> **Problem statement**: Exactly the lines from the line that has "8.95ct green quartz" through the final line below are to be retyped, and the pictures are not.

> **Collected data**:

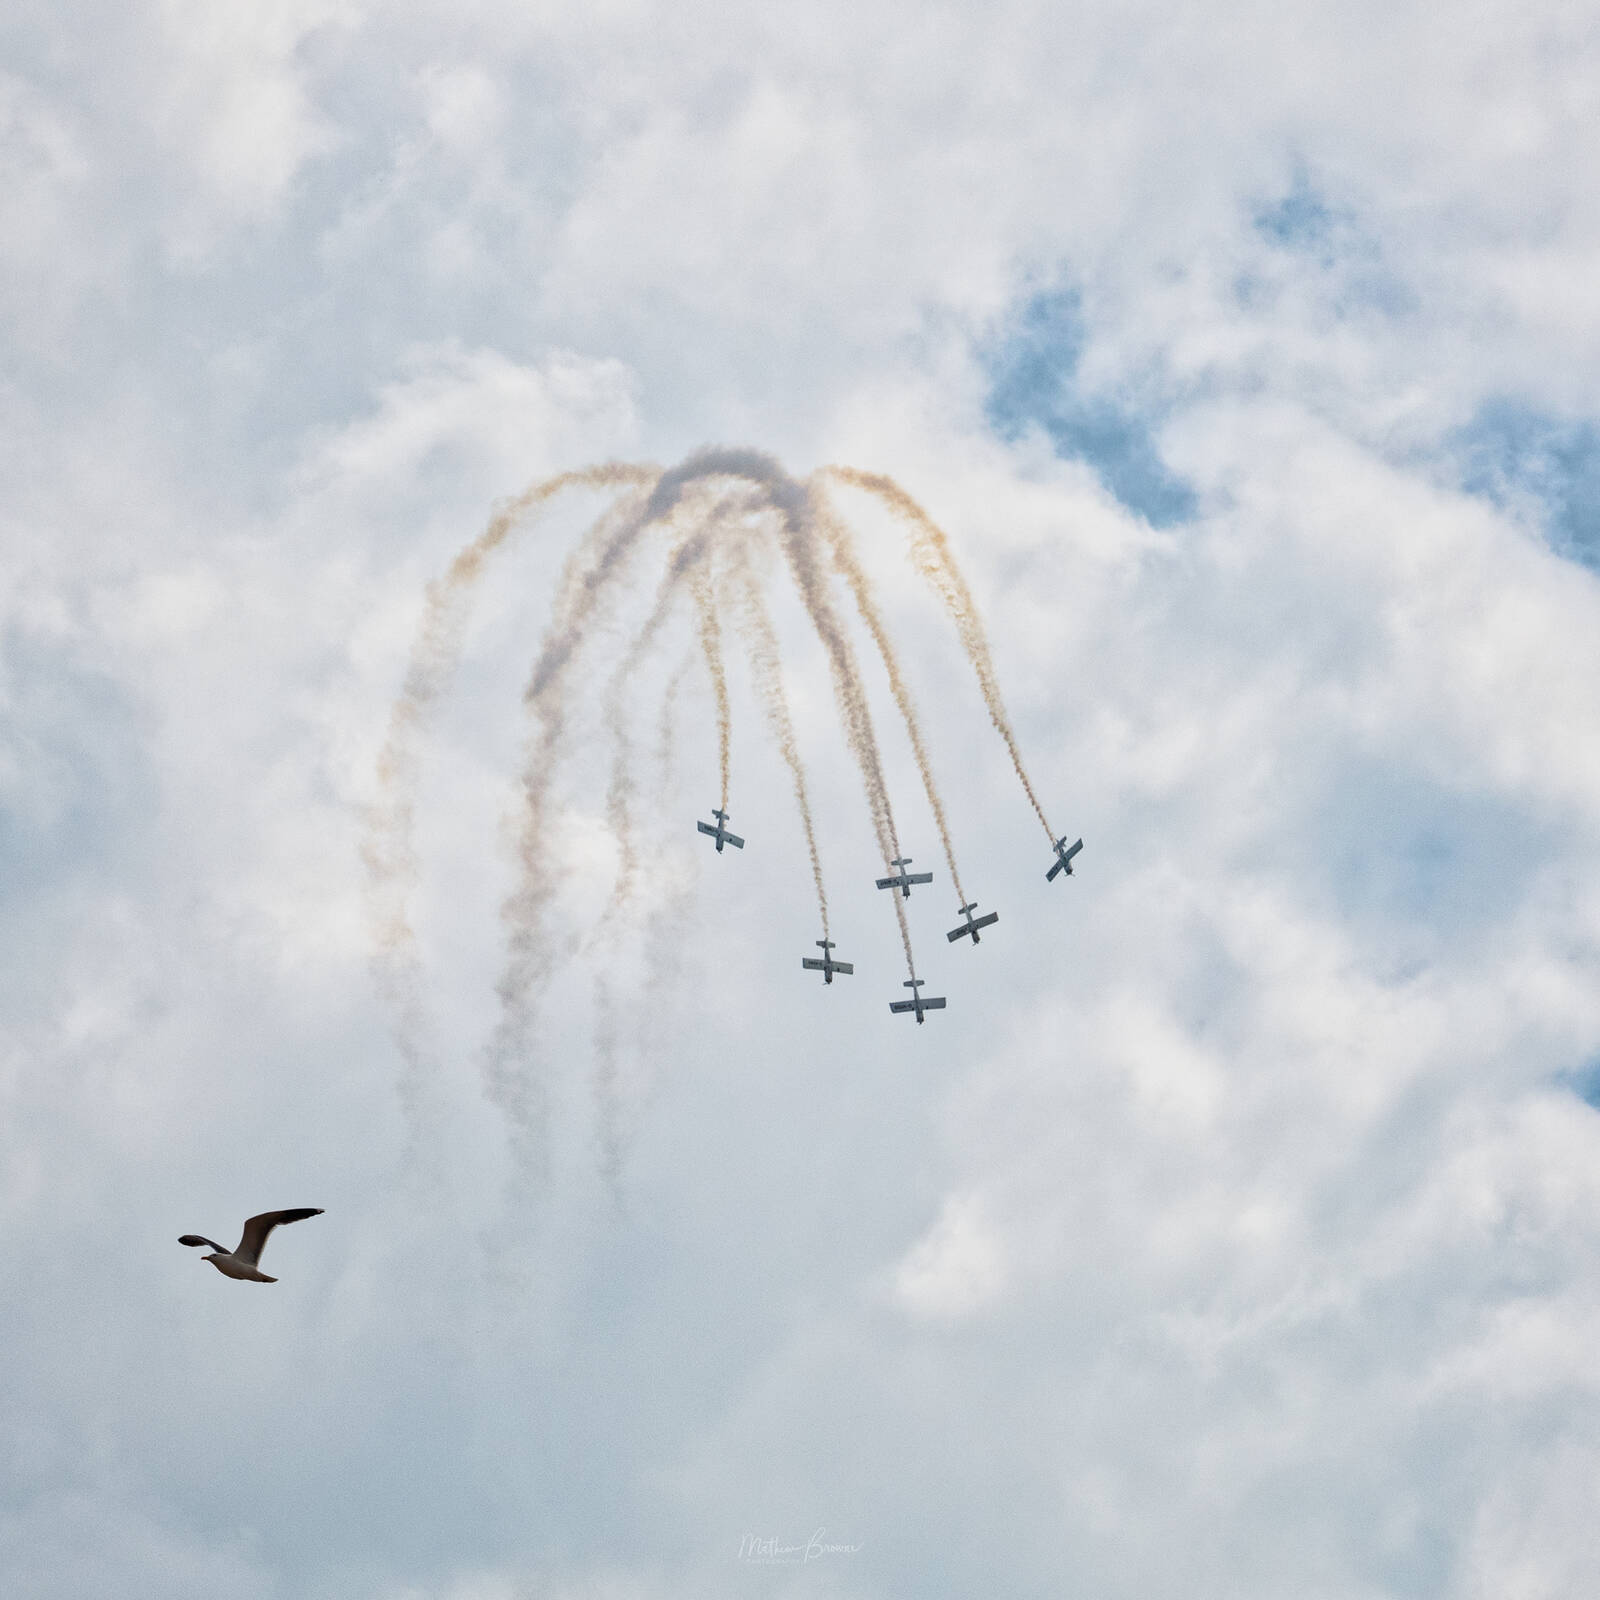 Image of Wales National Airshow by Mathew Browne
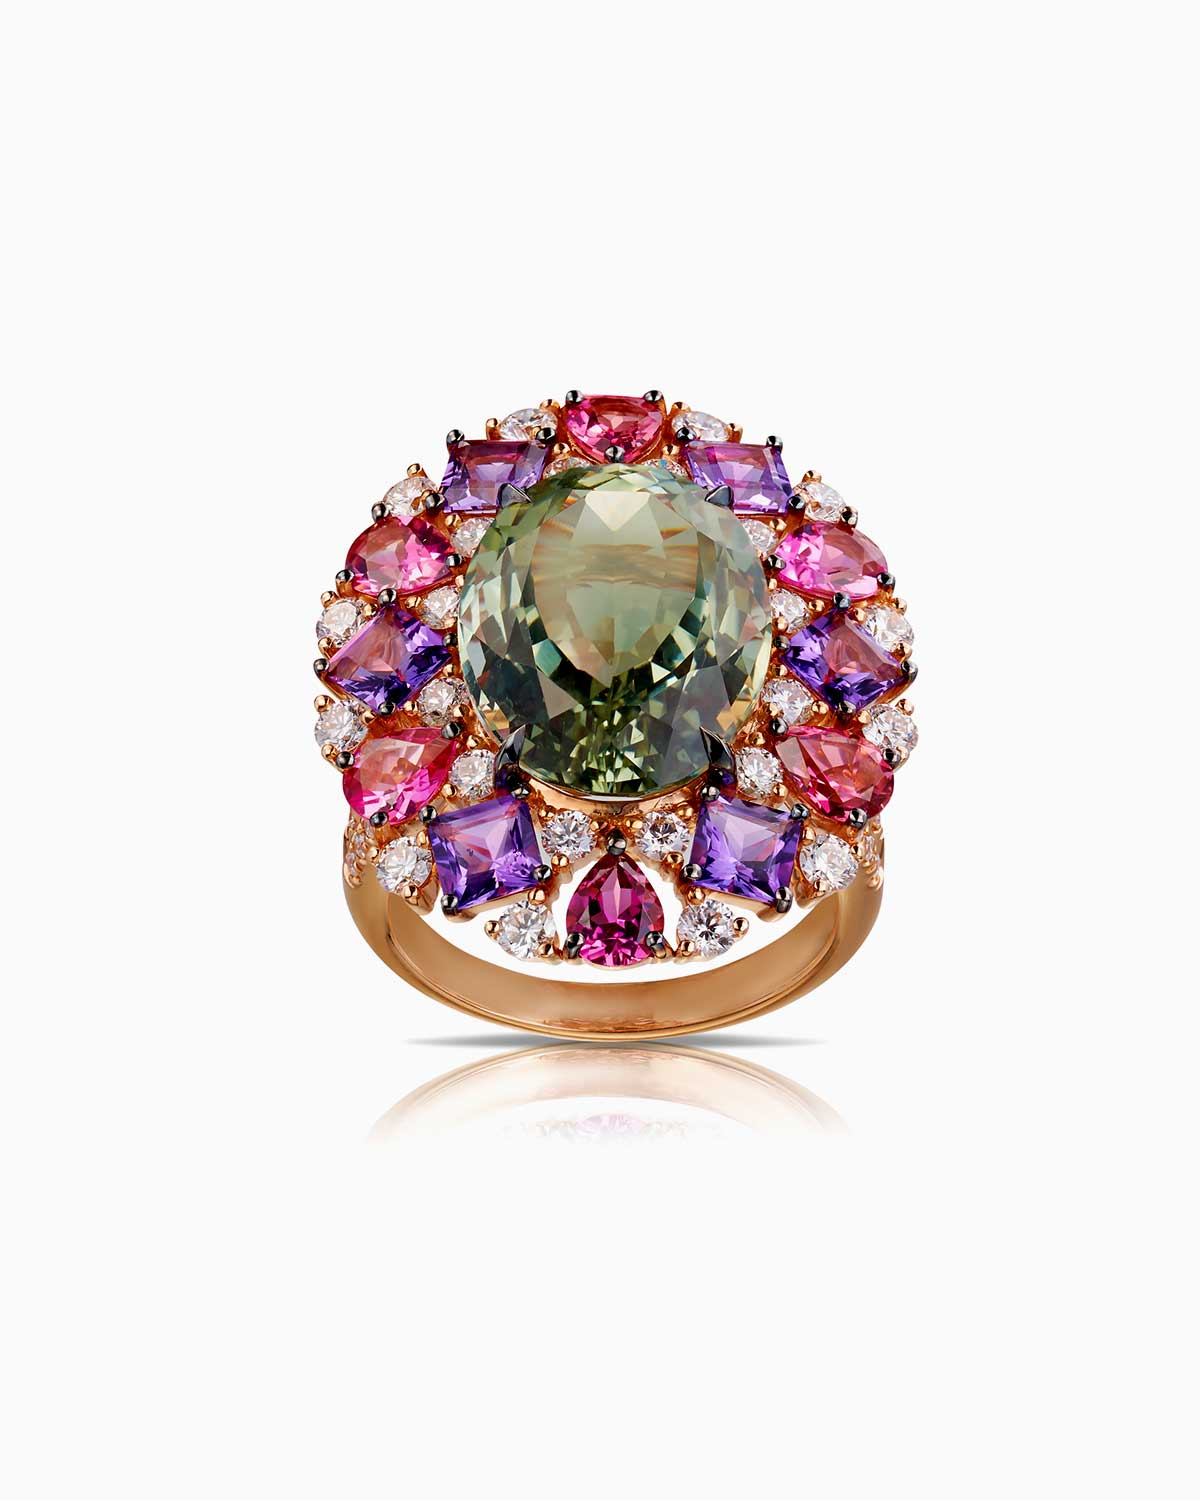 8.95ct green quartz ‘madame de pompadour’ ring, featuring amethyst, pink tourmaline, white diamonds and 18 karat rose gold by claude and me jewellery.
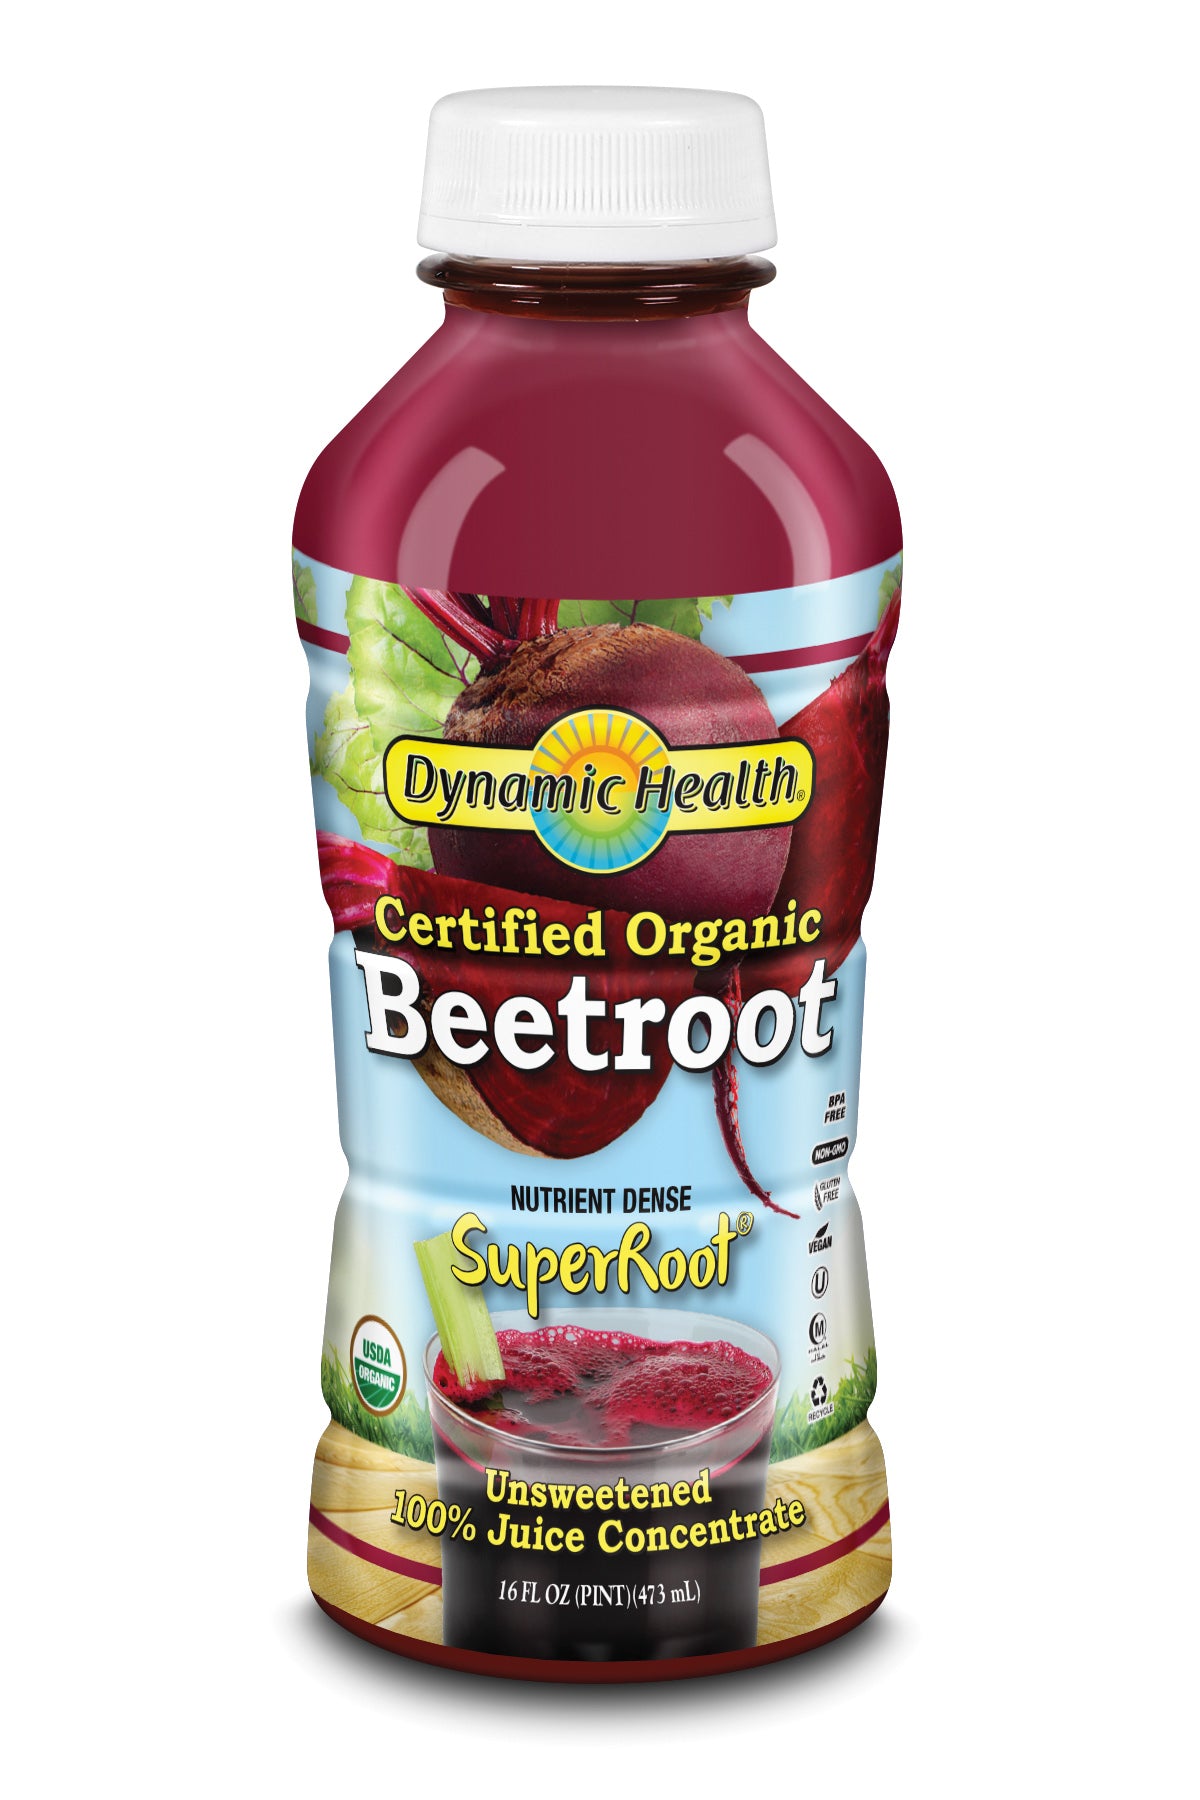 Beetroot Juice Concentrate - 16-Fl-Oz-(473-mL)

> **Exercise output**:
 8.95ct green quartz ‘madame de pompadour’ ring, featuring amethyst, pink tourmaline, white diamonds and 18 karat rose gold by claude and me jewellery.
 Beetroot Juice Concentrate - 16-Fl-Oz-(473-mL)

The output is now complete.